Are chemical recycling technologies commercially viable? Chemical recycling (pyrolysis, gasification, solvolysis, enzymatic depolymerisation) received $8.7 billion in announced investments between 2023 and 2025, but operational capacity reached only 1.2 million tonnes per year globally in 2025. Economic viability depends on feedstock quality, scale, energy costs and stable offtake agreements with brand owners willing to pay a green premium. Pyrolysis-based plastic-to-plastic recycling remains 1.5 to 3 times more expensive than virgin resin production without policy support.
Sources
- Circle Economy. (2025). Circularity Gap Report 2025. Circle Economy Foundation.
- Eurostat. (2025). Circular Material Use Rate: EU Member State Data 2024. European Commission.
- OECD. (2025). Global Plastics Outlook: Policy Scenarios to 2060, 2025 Update. OECD Publishing.
- UNITAR. (2025). Global E-Waste Monitor 2025. United Nations Institute for Training and Research.

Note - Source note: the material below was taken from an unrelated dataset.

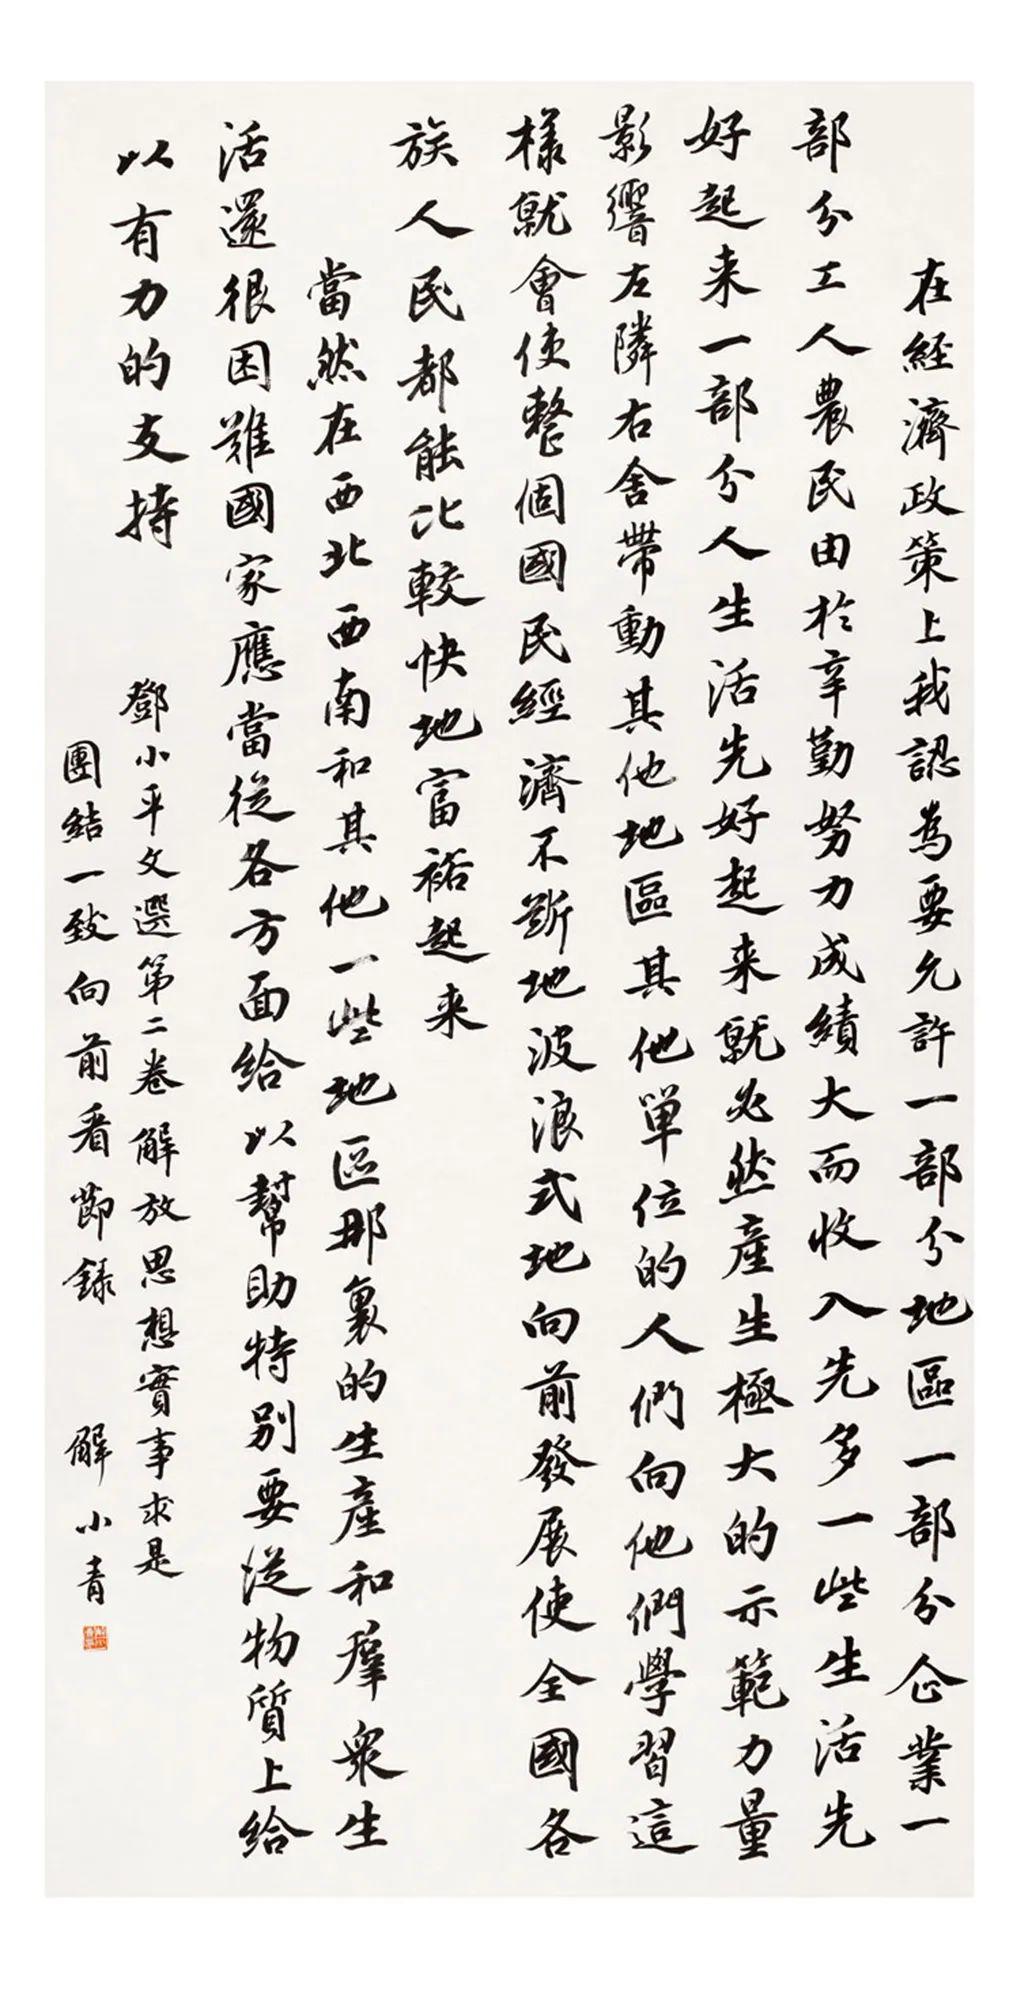 中国力量——全国扶贫书法大展作品 | 第一篇章 :人民至上(图16)
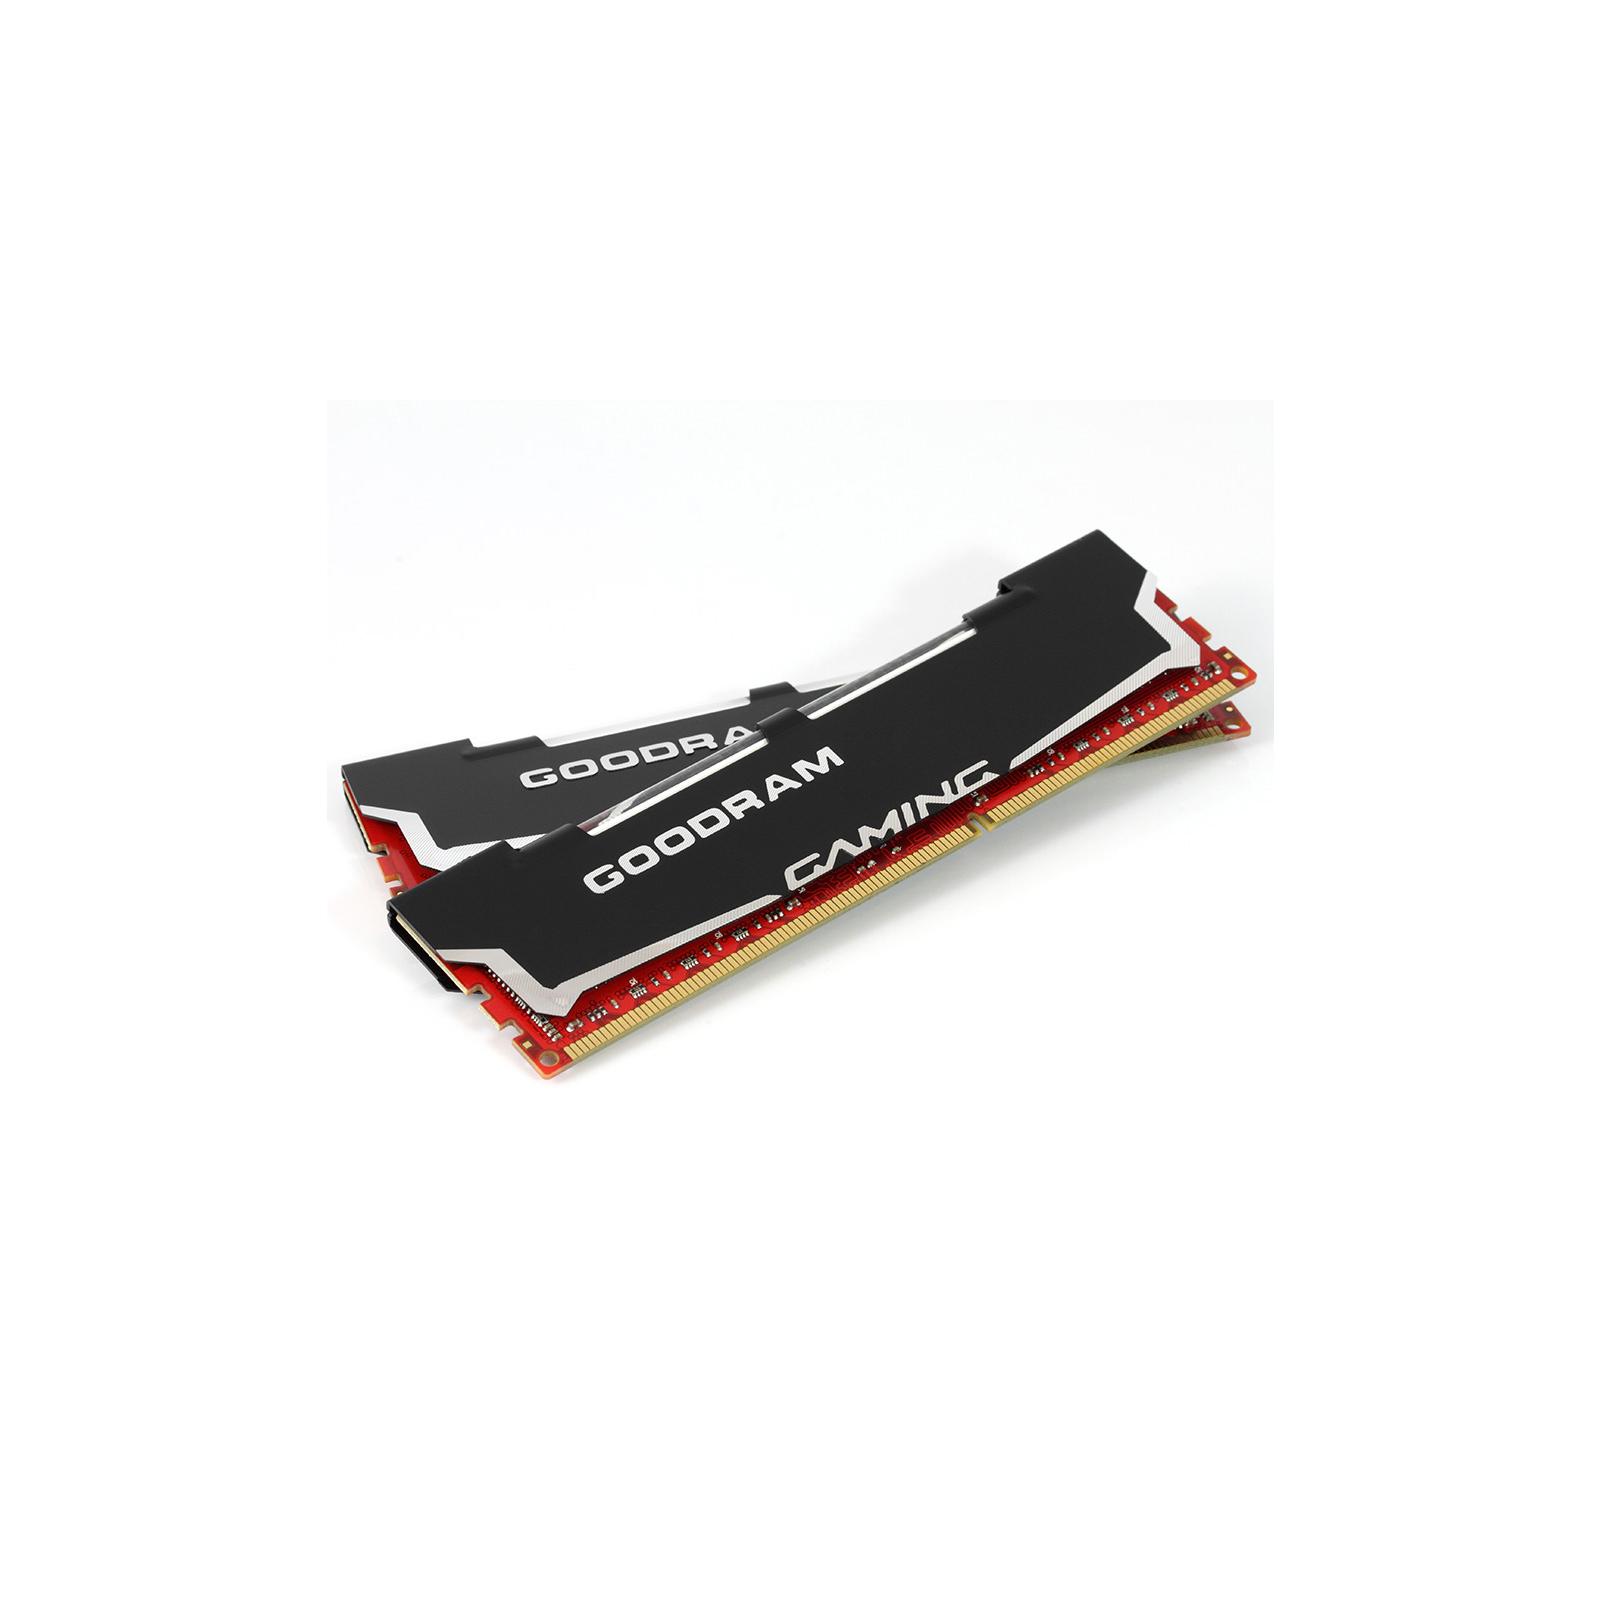 Модуль памяти для компьютера DDR3 8Gb (2x4GB) 2400 MHz Led Gaming GOODRAM (GL2400D364L11/8GDC) изображение 2

- Ellen MacArthur Foundation. (2025). Global Commitment Progress Report 2025. Ellen MacArthur Foundation.
- World Steel Association. (2025). Steel Recycling Fact Sheet 2025. worldsteel.
- International Aluminium Institute. (2025). Global Aluminium Recycling: A Cornerstone of Sustainable Development. IAI.
- European Environment Agency. (2025). Construction and Demolition Waste in Europe: Recovery Rates and Material Quality. EEA Report.
- Apple Inc. (2025). Environmental Progress Report: Fiscal Year 2025. Apple Inc.
- Renault Group. (2025). Re-Factory: Circular Economy Progress Report. Renault Group.
- IKEA. (2025). Sustainability Report FY2025: Circular Products and Services. Inter IKEA Group.
- BloombergNEF. (2025). Chemical Recycling Investment Tracker: 2023-2025. BloombergNEF.
- Accenture. (2025). Circular Economy Value Creation: Global Business Case Analysis. Accenture Strategy.
- European Remanufacturing Council. (2025). Remanufacturing Market Study: EU Sector Analysis. ERC.
- US Environmental Protection Agency. (2025). National Recycling Strategy: Progress Report and Data Update. US EPA.